Propos recueillis par Mohamed Nait Youssef
Al Bayane : La polémique de la darija et de la langue arabe refait surface. Qu’en pensez-vous?
Tahar Ben Jelloun : Cette polémique est intéressante et pourrait même provoquer un début de réflexion sur notre paradoxe linguistique. Nous parlons une langue et nous écrivons une autre. Il ne faut sacrifier ni l’une ni l’autre. Cependant, l’enseignement de l’arabe classique peut mener vers la darija. La darija ne te fera jamais apprendre la fosha. D’où, en toute logique, il faut enseigner et bien enseigner la langue arabe classique pour donner la base de toute connaissance. Tout le reste n’est que spéculation et même démagogie. Il faut laisser la darija à sa place, dans son rôle et dans sa fonction. La classique est plus ambitieuse. Elle fait de celui qui l’apprend un homme cultivé.
Peut-on parler d’une guerre de langues au Maroc?
Il n’y a pas de guerre de langues au Maroc. Il ne faut pas exagérer. Il suffit juste de remettre chaque langue à sa place. Au lieu de polémiquer, il vaut mieux encourager nos enfants à apprendre le maximum de langues étrangères. Les langues c’est l’ouverture sur le monde, sur les autres, sur les différences, c’est un enrichissement permanent. Pas de guerre, juste un peu de bruits.
À votre avis, y a t-il une véritable gestion de la chose linguistique au Maroc?
C’est ce qui manque chez nous. L’arabisation de l’enseignement a été un geste politique non réfléchi, non pensé, et surtout non préparé. Notre langue est l’arabe classique, langue des études, de la recherche et de la communication avec les autres pays arabes. Il faut la respecter et la magnifier, il faut lui donner tous les moyens pour qu’elle devienne attractive, positive, lavée de la poussière de l’arriération, débarrassée de l’idéologie conservatrice et anti progressiste. Il faut la moderniser et l’embellir. Malheureusement, elle a été utilisée politiquement pour donner un os à ronger à certains partis politiques. Quant à l’avenir de nos enfants, il a été sacrifié. Plus que jamais, il faut défendre l’arabe classique et la mettre au même niveau que les grandes langues internationales.

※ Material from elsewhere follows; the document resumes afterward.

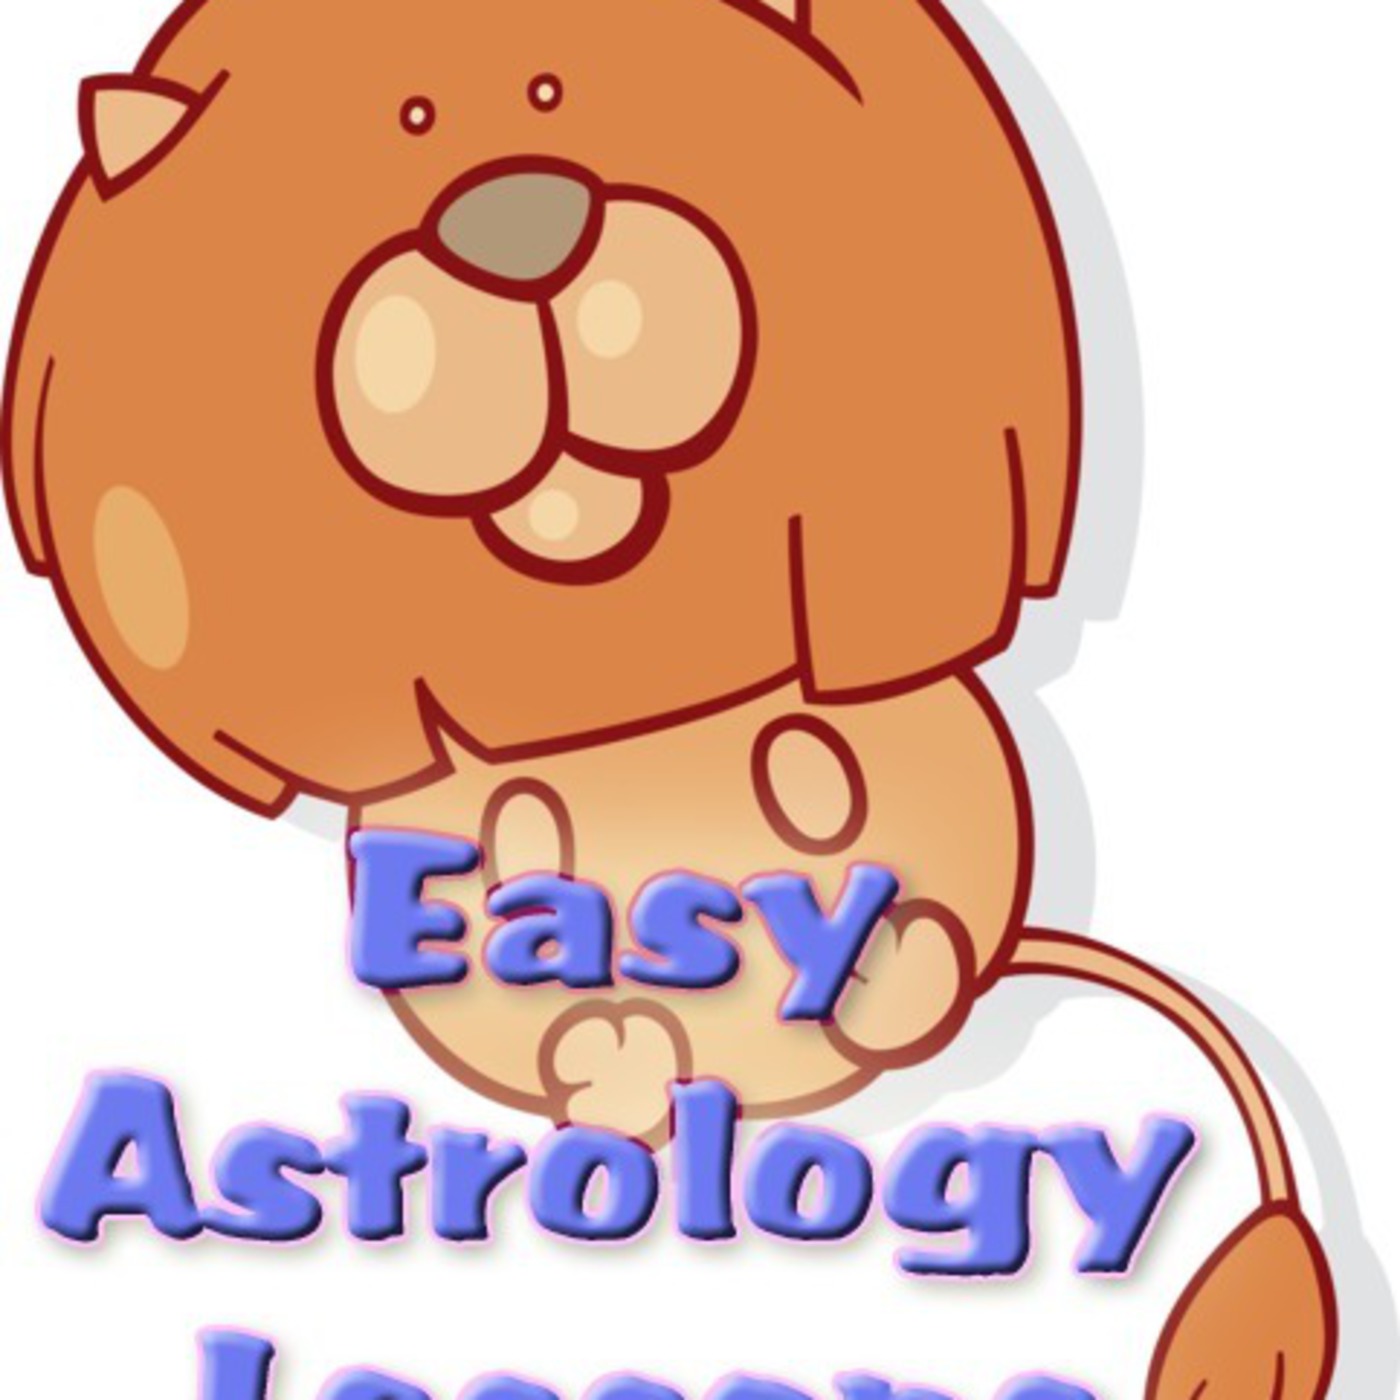 Earth energy 102: Easy Astrology Lessons episode 7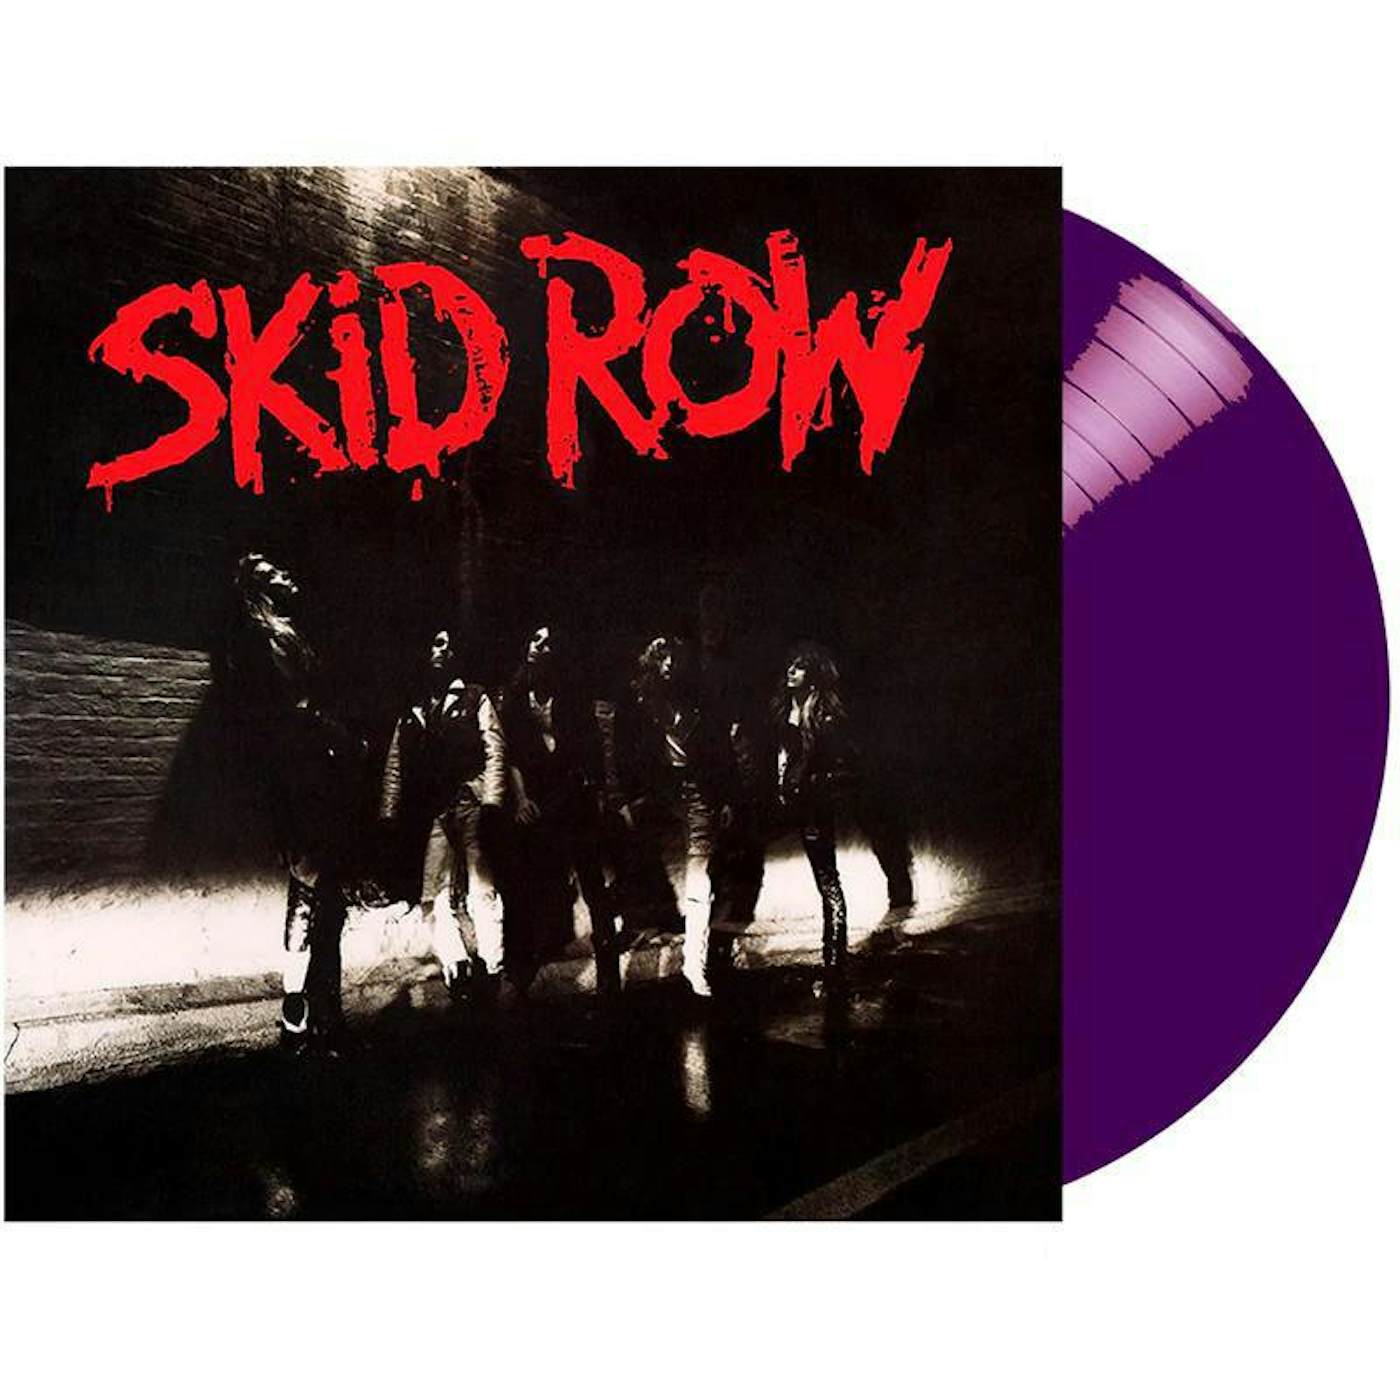 Skid Row S/T (Dark Violet Audiophile Limited Anniversary Edition) Vinyl Record

Y a-t-il un rapport entre les transformations et les enjeux sociaux, économiques et politiques que vivent le Maroc et les conflits linguistiques?
Il n’y a pas -pour le moment- de conflit linguistique. Le problème le plus urgent et le plus important est de réparer l’état désastreux de l’éducation publique. Mohamed Hassad avait commencé à arranger les choses, malheureusement, il a été débarqué. Au Maroc, l’état de l’enseignement public est alarmant. On ne va pas laisser tout au secteur privé qui se fait de l’argent en toute tranquillité. Notre développement économique est handicapé par l’état de santé de ce secteur. Tout ce qui fonctionne se fait en français et en anglais. Du coup ceux qui sortent de l’université avec une seule langue, l’arabe, ne trouve pas de travail. Reste quelques métiers qui ne se font qu’en arabe (la justice). Nous avons besoin de rationalité, besoin d’un gouvernement non idéologique, ni islamiste ni communiste. Nous avons besoin de gens qui travaillent leur pays en pensant à l’intérêt général et non à leur propre intérêt, et cela se fait avec ou sans la langue classique.